Seandainya sikap ini dimiliki oleh umat Islam, subhanallah, umat Islam akan 
maju dalam segalanya. Betapa tidak, bagi yang berprofesi sebagai guru, ia 
berkurban dengan ilmunya. Pengusaha ia berkurban dengan bisnisnya yang fair dan 
halal. Advokat dan Penegak Hukum berkurban untuk kebenaran dan keadilan. 
Politisi ia berkurban demi kemaslahatan umum dan bukan kelompoknya. Pemimpin ia 
berkurban untuk kemajuan rakyat dan bangsanya dan begitu seterusnya.
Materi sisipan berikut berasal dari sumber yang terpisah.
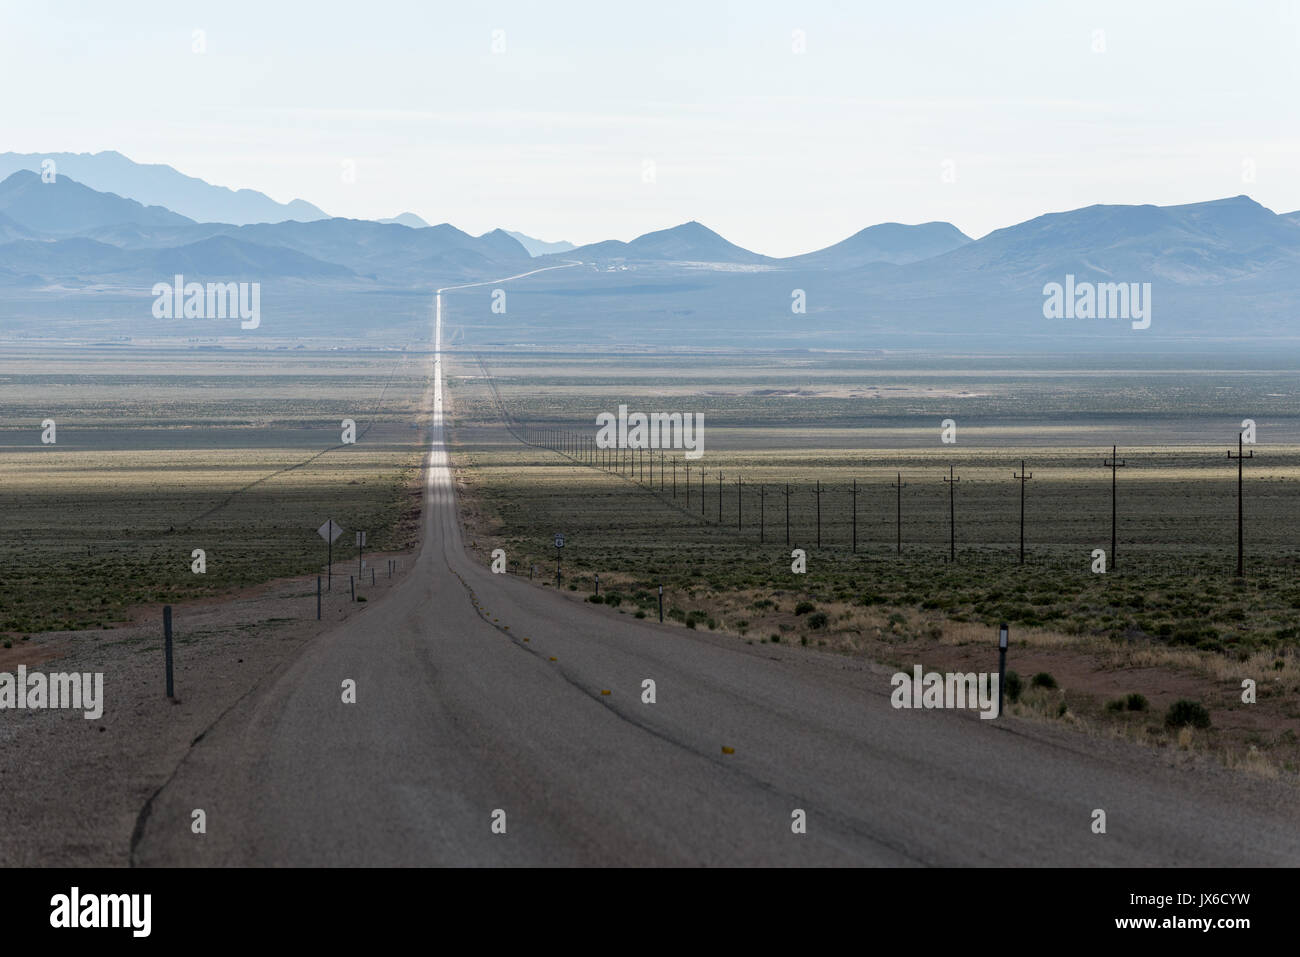 Strada desolata nel bacino e la gamma regione del Nevada. Foto Stock
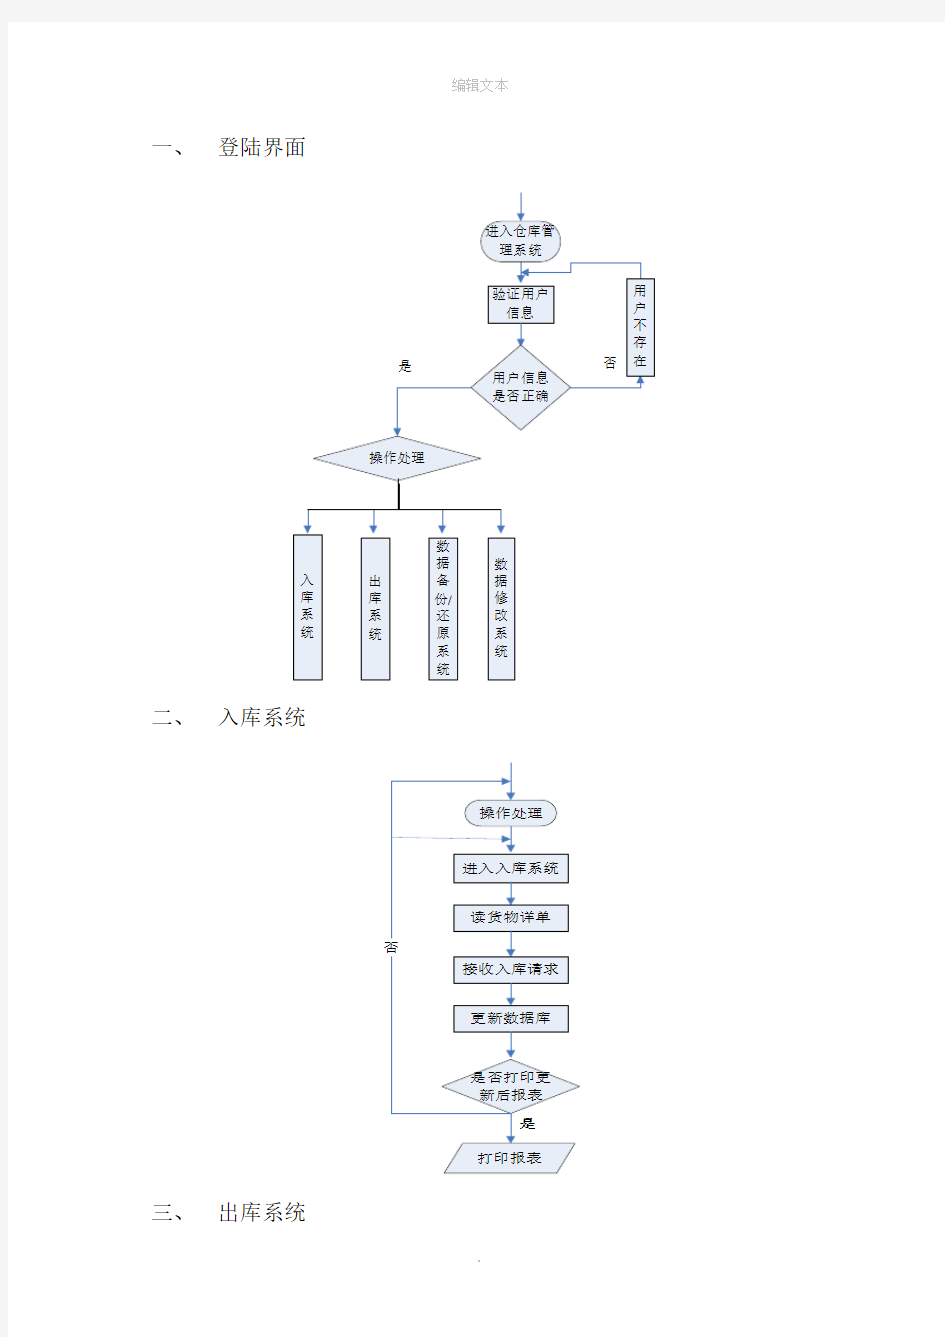 仓库管理系统程序流程图

Kita berani menyembelih kemauan pribadi yang bertentangan dengan kemauan 
kelompok, atau keinginan pribadi yang bertentangan dengan syariat. Bahkan 
kemauan kelompok namun bertentangan dengan perintah Allah swt.

Dengan semangat ini, bentuk-bentuk kejahatan akan bisa diminimalisir bahkan 
dihilangkan di bumi pertiwi ini. Biidznillah.

Karena itu Allah swt menegaskan dalam firman-Nya,

”Daging-daging unta dan darahnya itu sekali-kali tidak dapat mencapai 
(keridhaan) Allah, tetapi ketakwaan dari kamulah yang dapat mencapainya. 
Demikianlah Allah telah menundukkannya untuk kamu supaya kamu mengagungkan 
Allah terhadap hidayah-Nya kepada kamu. dan berilah kabar gembira kepada 
orang-orang yang berbuat baik.” (Al-Hajj:37)

Dan berkurbanlah. Kurban menjadi kebiasaan yang melegakan, bukan menjadi beban 
dan keterpaksaan. Karena memang kurban tidak sekedar memotong hewan, tapi lebih 
dari itu, ketundukan total terhadap perintah-perintah Allah swt. Allahu A’lam.